When I was a people-pleasing Nice Guy, my biggest issue — though I didn’t know it at the time — was that no one was pointing out the error of my ways. I couldn’t see them myself because I’d never known differently. I had been this way for as long as I could remember. And even worse, I had often and frequently received positive feedback for it.
I can count on one hand how many times someone hit with me with some hard truths about how I was harming myself with my own behaviour. One girl told me my self-deprecating humour came across as pathetic. One guy said I was being too nice for girls to find me attractive. One manager told me that I needed to grow some balls before he could respect me.

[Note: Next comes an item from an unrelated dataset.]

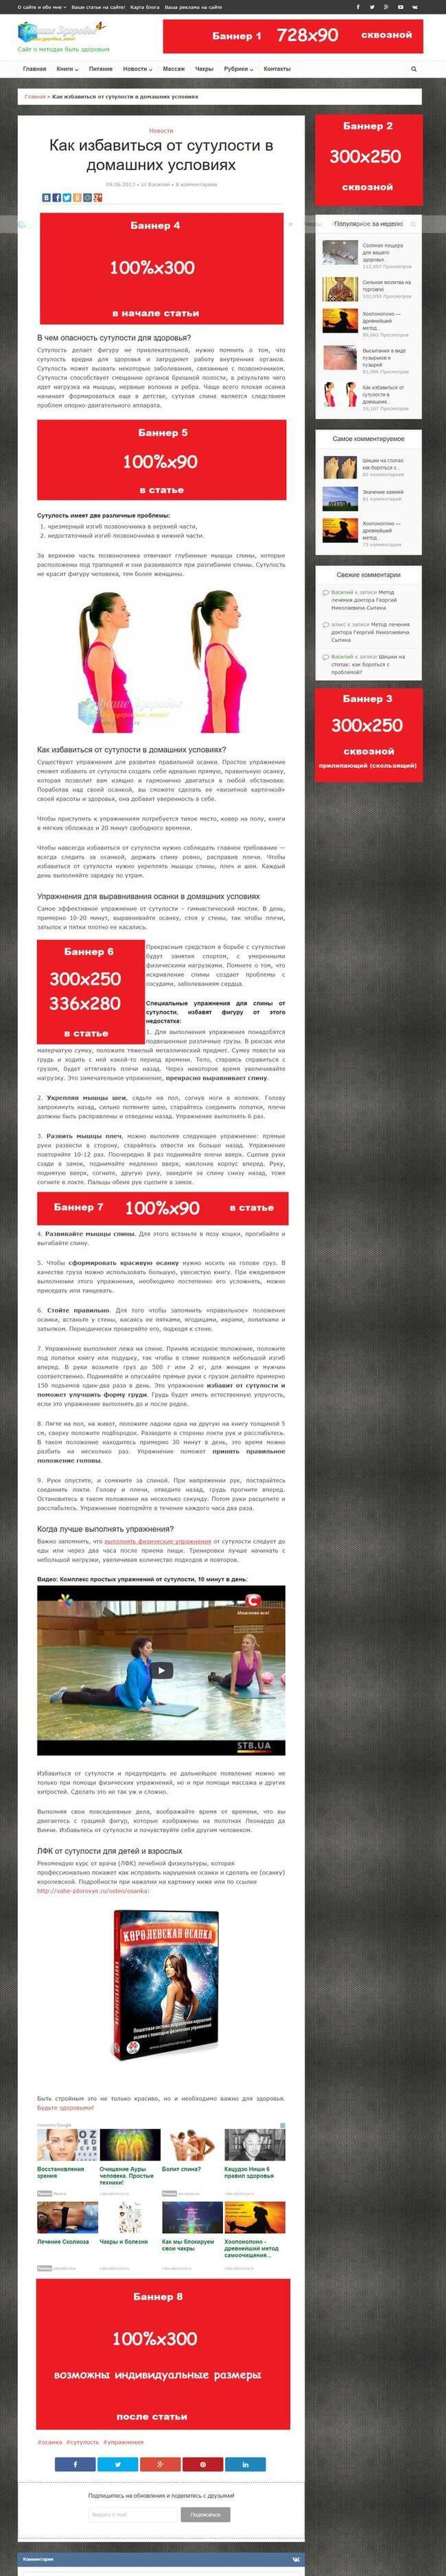 Размещение баннера на сайте vahe-zdorovye.ru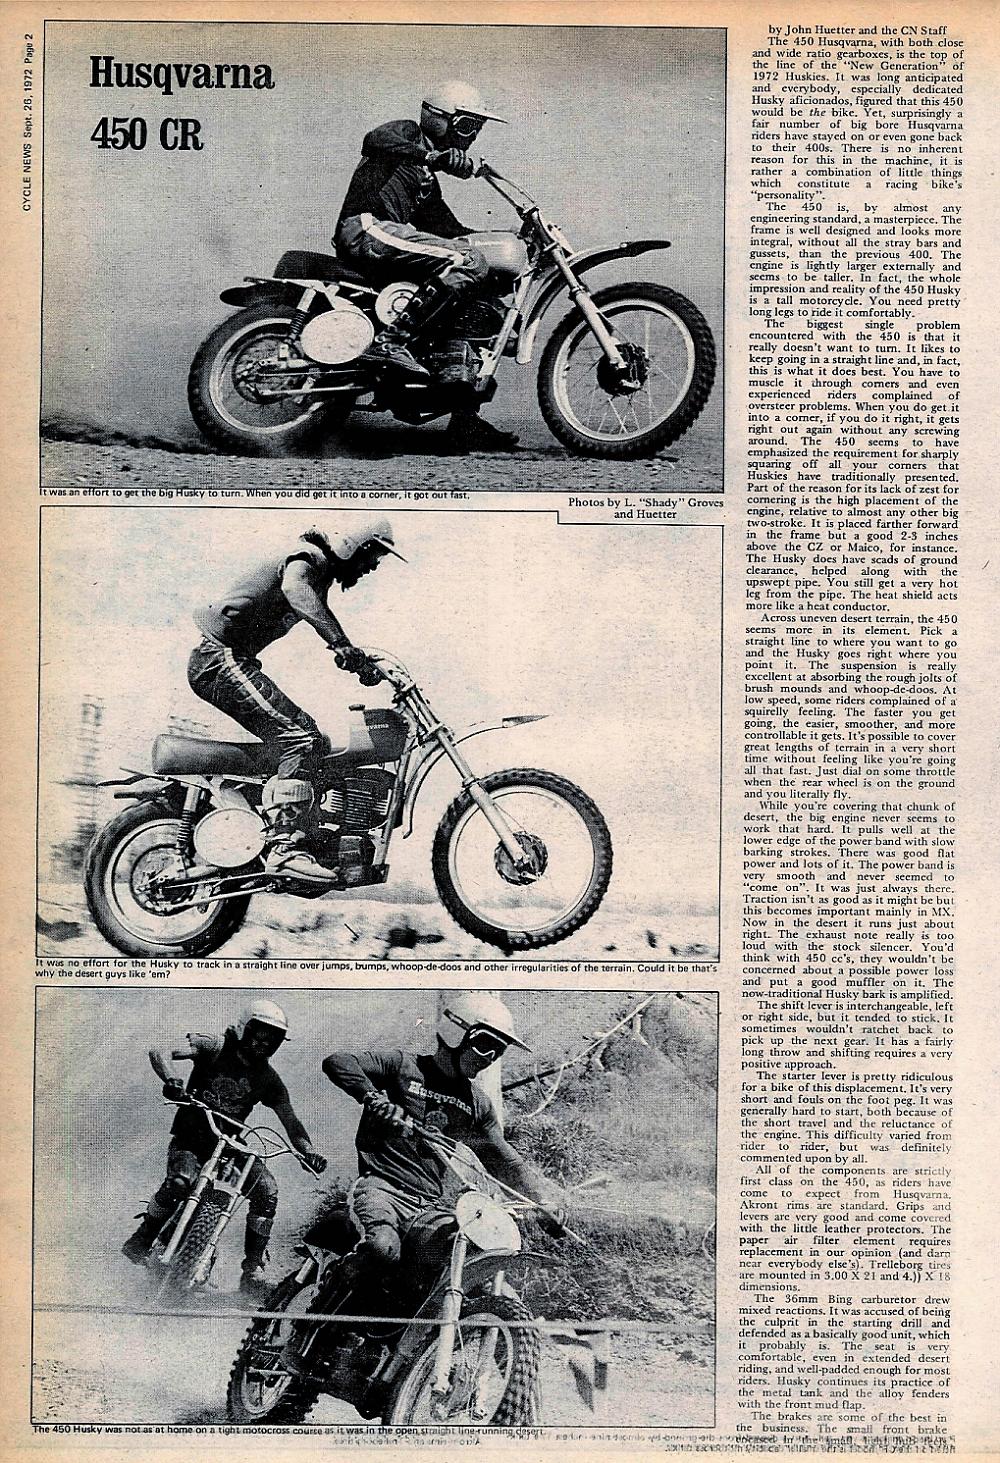 1972 Husqvarna 450 CR road test.1.jpg

And every time I got some of this harsh feedback, I was able to turn that into massive transformations that significantly improved my quality of life. I don’t think I’ve EVER improved my life based on positive feedback, because I only ever really get positive feedback for pleasing someone else. It’s incredibly rare for someone to compliment a person on their integrity.
The problem is of course that we all grow up in most Western cultures, and now moreso than ever before, being taught that giving negative feedback is BAD and WRONG. Why?
Because it might hurt someone’s feelings.
It’s implied that hurting someone’s feelings is always a bad thing, no question about it. And of course, making someone feel happy is always a good thing. Basically, we should always make people feel good about themselves, even when we believe they’re living wrong and harming themselves and others, and we should never offend someone.
We’re reaping what we’ve sown with this approach. We now live in a time where in some countries it’s actually illegal to offend someone. It is now against the law to give negative feedback… even if that feedback could save a life.
I take full responsibility for my errors and mistakes, but I can say without a doubt that I couldn’t have made progress without someone taking the risk of offending me. I simply could not see myself objectively — no one can — and so I needed outside perspective on the flaws that were ruining my ability to enjoy life.
Without someone being willing to offend me, I would never have learned that I was being fake due to abandonment fears, that I used humour to keep people at arm’s length, that I refused to delegate because I had a twisted belief that I must control everything, and that my chronic anxiety was a reaction to my own cowardice.
Without being offended, I would never have learned to stand up for myself, to become an honest person, to find the love of my life and start a family. I would still be fake, miserable, alone and possibly suicidal if no one had had the guts to tell me that they didn’t approve of what I was doing.
Sure, not all negative feedback I’ve received has been helpful or accurate. But within the crap there has occasionally been gold nuggets that make all the rest of it worthwhile. I’d happily receive 10,000 unfair insults to hear a single truth that triples my quality of life.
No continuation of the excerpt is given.